Our Roller Coaster Week

It's been a really rough week in our house.  Parker has been sick.  Pretty darn sick in fact.  We spent SIX hours in the ER on Sunday evening and SIX hours in the ER overnight on Monday.  We then spent the late morning on Tuesday at the pediatrician's office.  No one was really able to figure out what was wrong because he had symptoms all over the place but had no fever and his bloodwork looked pretty good.  The symptoms were mostly respiratory based and he was having a hard time breathing and the treatments I had available at home were not cutting it.  That's why we went to the ER twice but they really didn't do anything to help except give him shots of Rocephin (which we now know were for nothing), more breathing treatments, and did chest x-rays (which didn't look to bad).    Turns out my little guy has RSV.  He has been getting monthly injections to help prevent RSV and I guess it's good because otherwise this whole thing could've been a lot worse.  We all think the "croup" that Alexa had a couple of weeks ago was probably RSV too and that's just what it looked like in her.  So...we likely gave her a 10-day course of antibiotics for no reason.

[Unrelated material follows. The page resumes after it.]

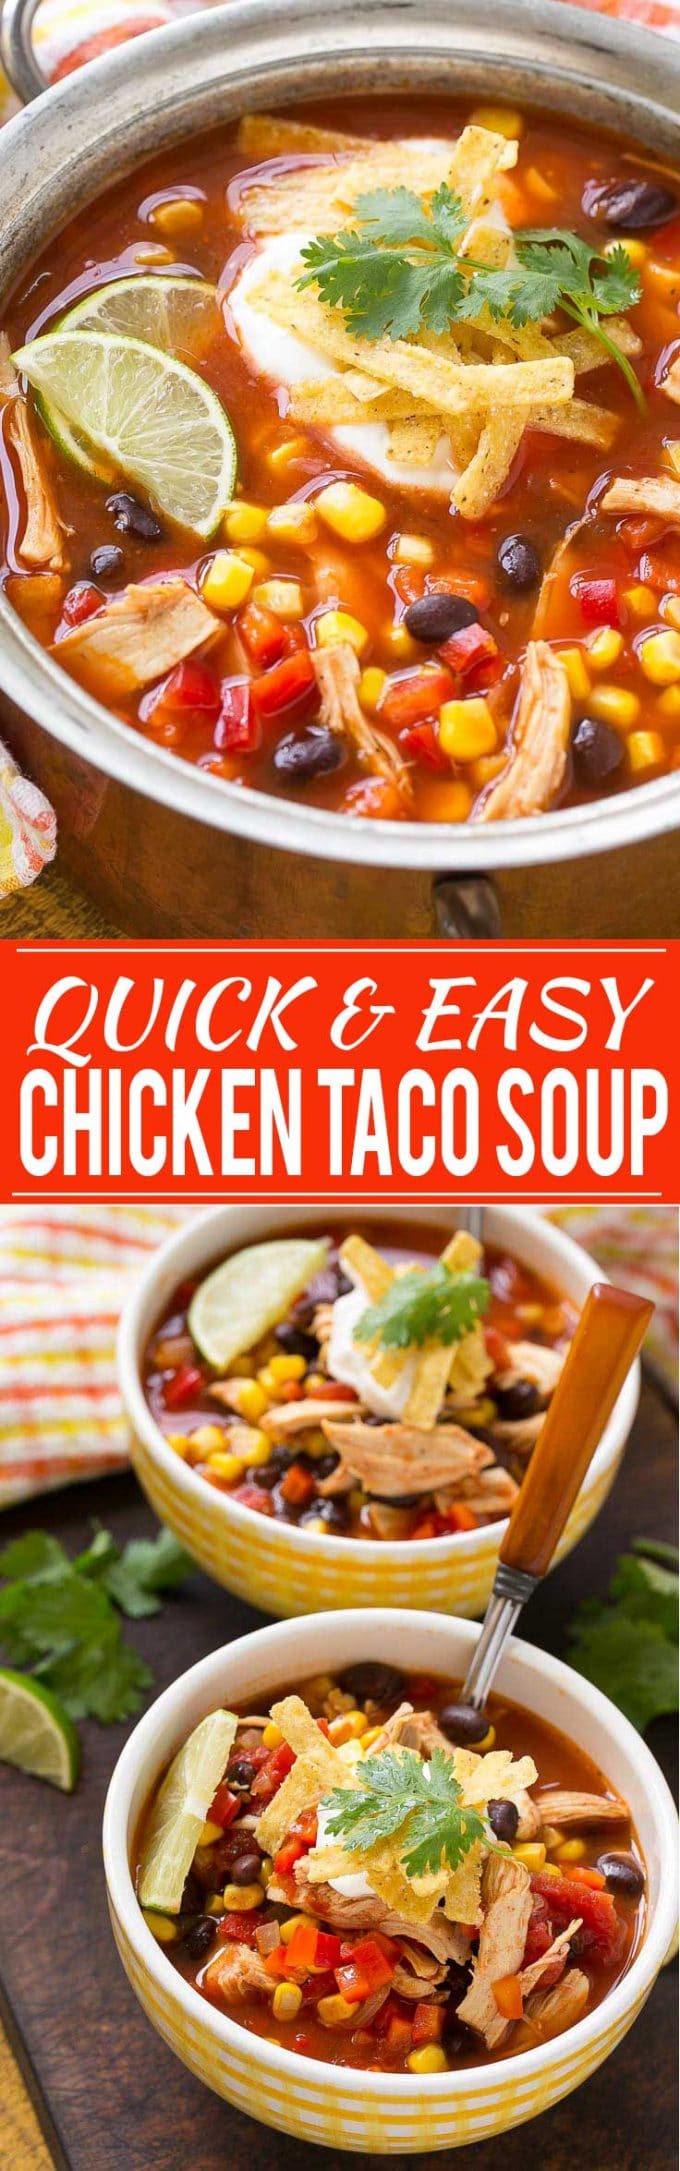 Quick and Easy Chicken Taco Soup Recipe | Chicken Taco Soup | Easy Chicken Taco Soup | Best Chicken Taco Soup

We've been spending the past several days suctioning like crazy, doing lots of breathing treatments, chest percussion, and cuddling.  Yesterday morning was probably the toughest for me because I was alone with Parker and I was unable to get his oxygen saturations up where they needed to be.  His lips were dusky blue in color off and on and although I didn't think we were at the stage where I needed to call 911 I sure didn't like what was happening.  It was frustrating because nothing I was doing was helping.  I turned his oxygen way up, gave him breathing treatments, did his CPT, was suctioning a lot, and even did an emergency trach change.  I couldn't figure out what the problem was but then he started to come up where he needed to be and all was fine.  Sometimes I think he just gets bored and wants to add a little excitement to the mix (just kidding).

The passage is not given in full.